As part of a routine skin biopsy procedure at his dermatologist's office, a healthy 22-year-old male receives an injection of lidocaine with epinephrine. Within minutes, his heart starts pounding and he begins to feel anxious. The dermatologist believes the patient is having an anaphylactic reaction and calls 9-1-1.
When EMS arrives at the scene, the dermatologist informs them that the patient is suffering from an anaphylactic reaction. The patient reports that his heart is pounding, and he feels short of breath and very anxious. En route to the hospital, the paramedic asks his EMT partner to get the diphenhydramine and epinephrine vials out of the drug box. The paramedic later recalls asking the BLS partner to draw up "all of the diphenhydramine," but the EMT recalls hearing the paramedic ask for "all of the epinephrine." The paramedic takes the prepared syringe from the EMT and administers the medication intravenously, without checking the amount or the vial it was drawn from. Within minutes, the patient's rhythm changes to sustained ventricular tachycardia, and the patient complains of severe chest pain and diaphoresis, becomes distraught and says, "I think I'm dying." At this point, the paramedic realizes that he has just delivered 1 mg of 1:1,000 epinephrine via rapid intravenous bolus. Later, in the emergency department, it is determined that the patient suffered a myocardial infarction during the event. A lab analysis shows a rise in troponin levels, and a wall motion abnormality is found on echocardiogram, indicating that the patient sustained permanent damage to his heart muscle.
Adverse events like this are not uncommon. In fact, more deaths occur each year due to medical errors than from motor vehicle crashes, breast cancer or AIDS. Although there are currently no reports that specifically look at EMS error rates, several suggest that EMS is no different than the rest of medicine with regard to patient safety. This is especially significant considering that 15,000 EMS systems and upwards of 800,000 EMS personnel respond to more than 16 million transport calls annually.
The current EMS culture often uses "blame-and-shame" mentality. When an adverse event occurs, the common first response is to find out whose fault it is and discipline the individual. Unfortunately, this approach is not effective for improving overall patient safety, for several reasons. First, it ignores the fact that other factors in the system (besides the individual provider) might have contributed to, facilitated or even caused the adverse event to occur. This is important, because if these factors can be identified and modified, the chance of similar events occurring in the future can be reduced. Second, focusing blame on the individual doesn't prevent the same event from happening to another provider. Third, the blame-and-shame mentality creates a culture where EMS providers fear reprisal and may try to hide adverse events and near-misses rather than using them to improve the system. Unless management and system leaders are aware of events, they can't take steps toward reducing them.
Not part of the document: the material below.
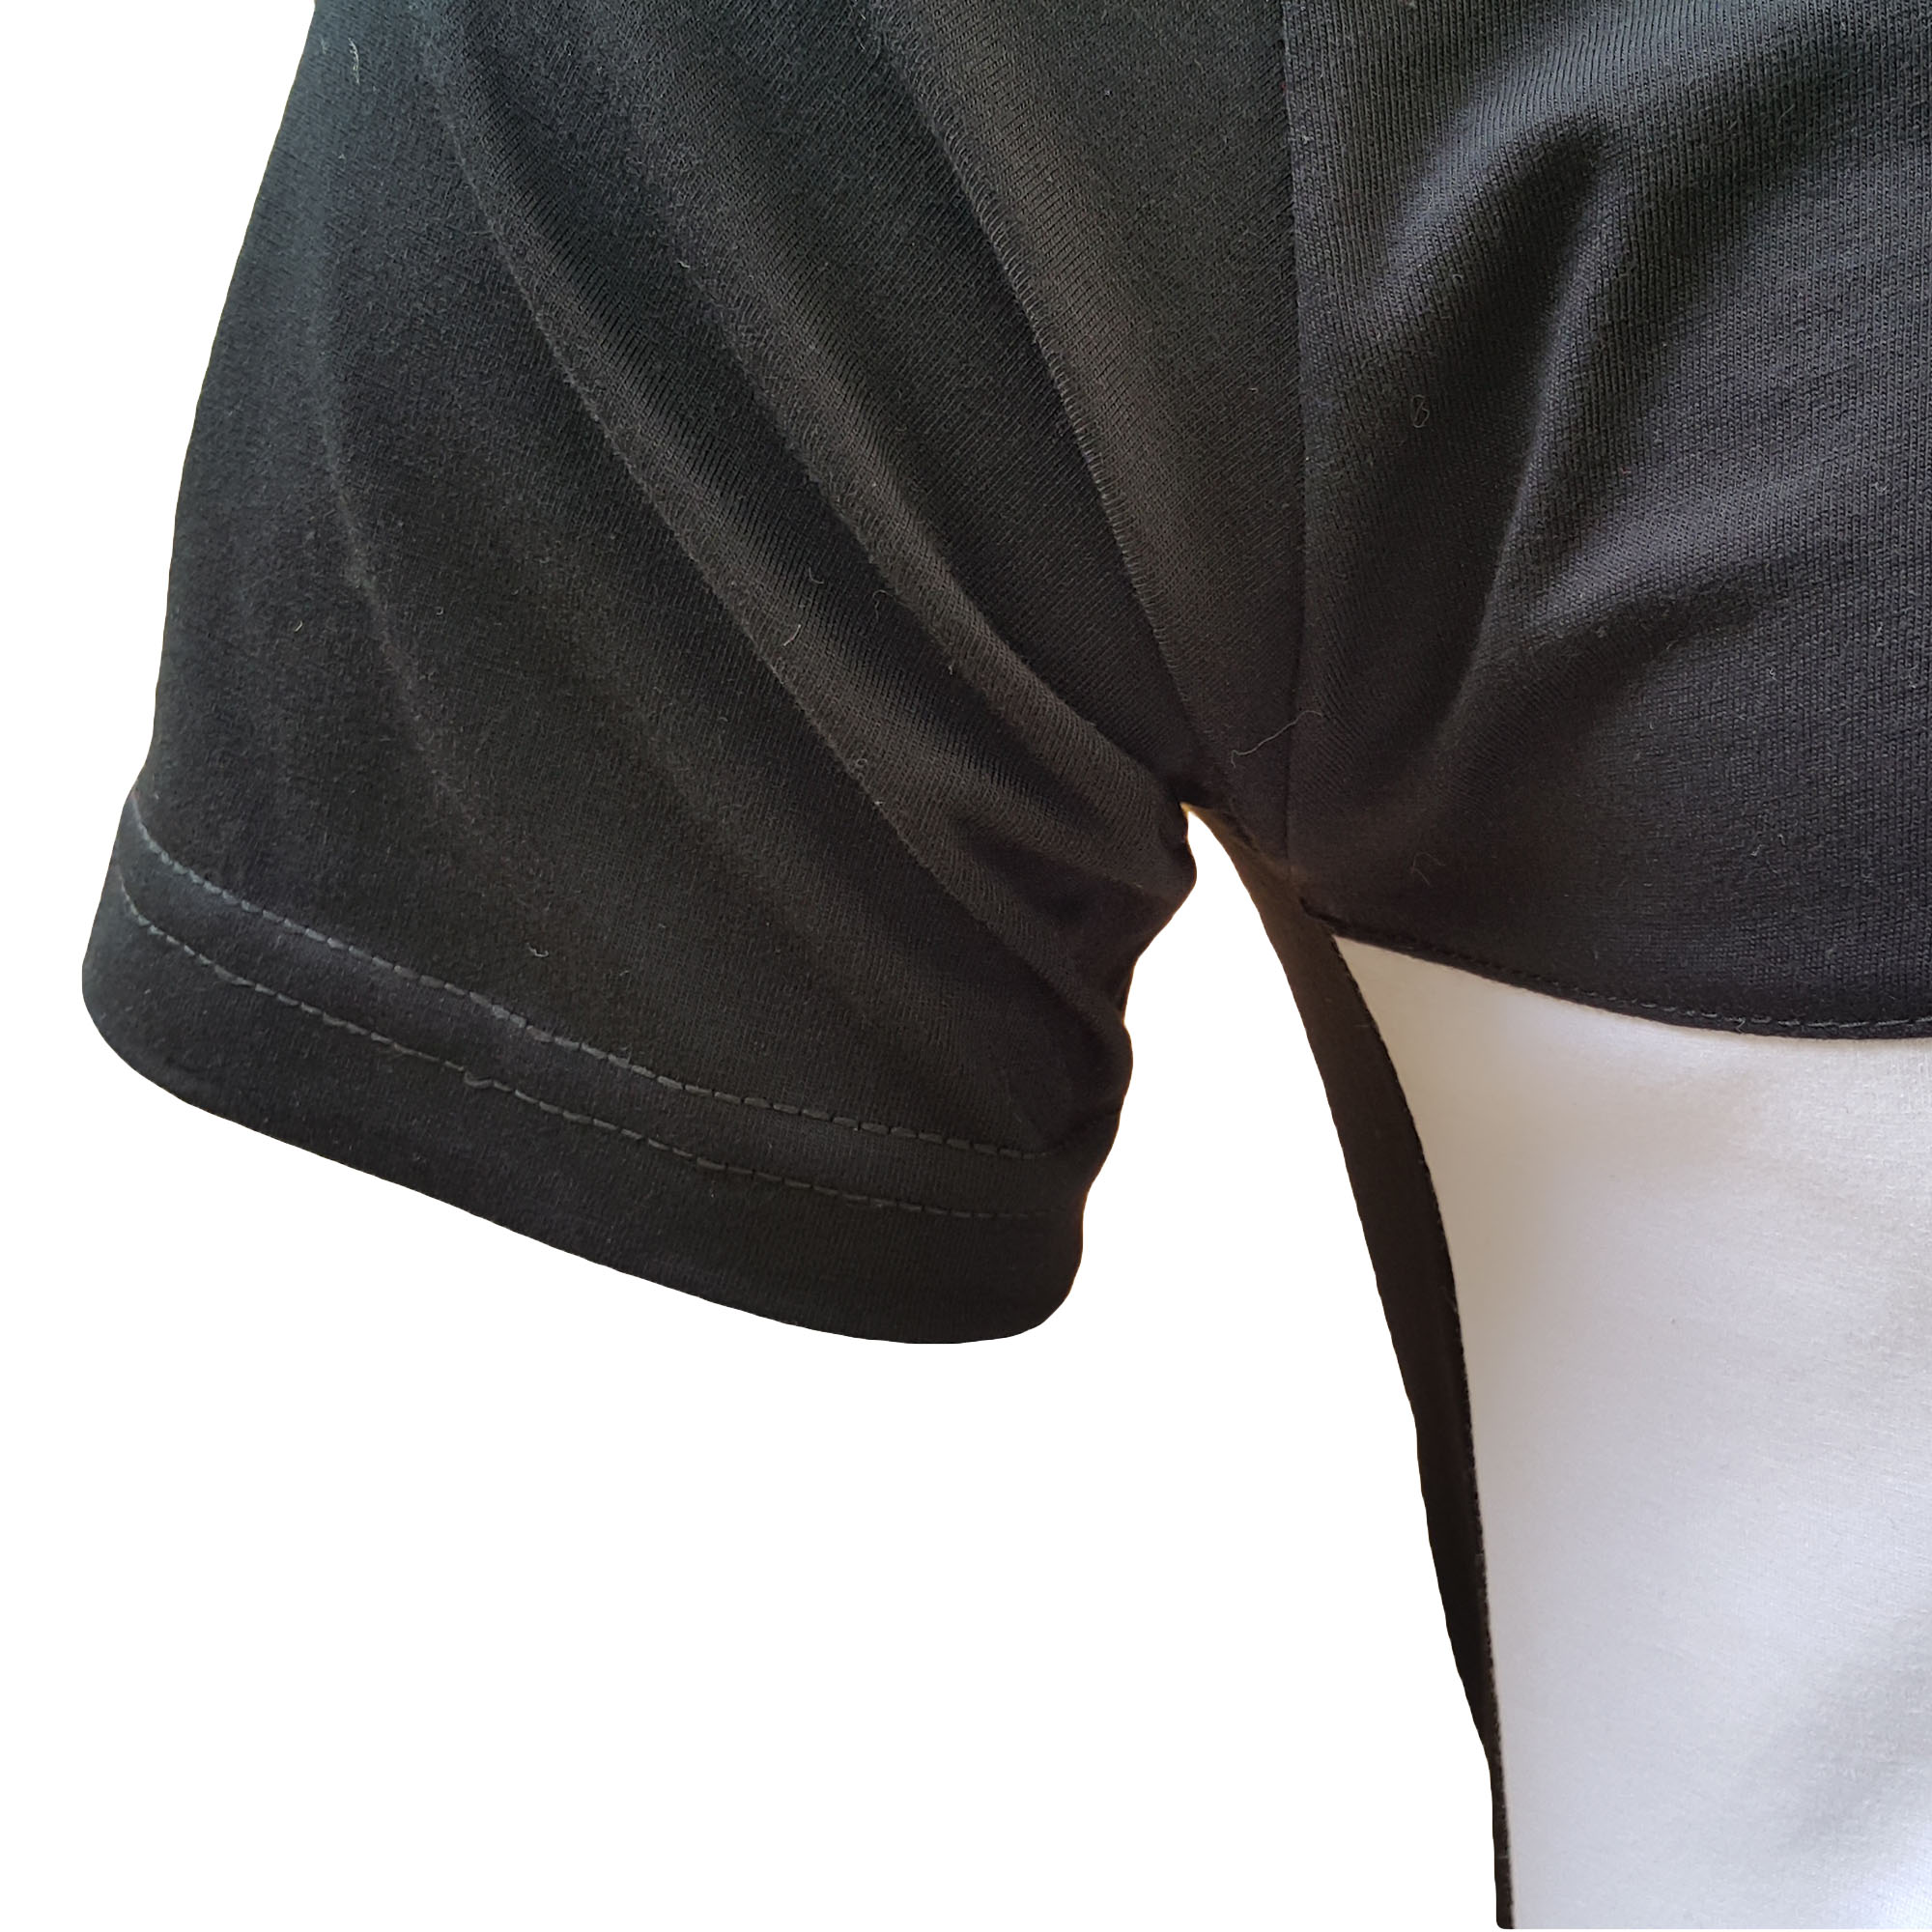 ست تیشرت و شلوار ورزشی مردانه طرح لیورپول کد 9901301s رنگ مشکی

Other high-risk industries, such as aviation and nuclear power, have become highly reliable and safe because they have moved away from this mentality and instead use concepts like the systems approach to maximize their safety. The systems approach recognizes that all adverse events have multiple contributing factors, many of which are out of the provider's control. Aviation, for example, utilizes an Aviation Safety Reporting System (ASRS), which documents both adverse events and near-misses. Observing ASRS's success in aviation, members of the EMS community followed suit and developed a similar system: the Medical Error Prevention and Reporting System (MEPARS). A number of agencies around the country have implemented MEPARS or similar systems. Since its inception, MEPARS has not only identified several near-misses and adverse events, but has reduced the recurrence of similar events. The purpose of this article is to illustrate how using a systems approach in EMS, and using an event-reporting system like MEPARS, is a better method for reducing adverse events than the blame-and-shame approach.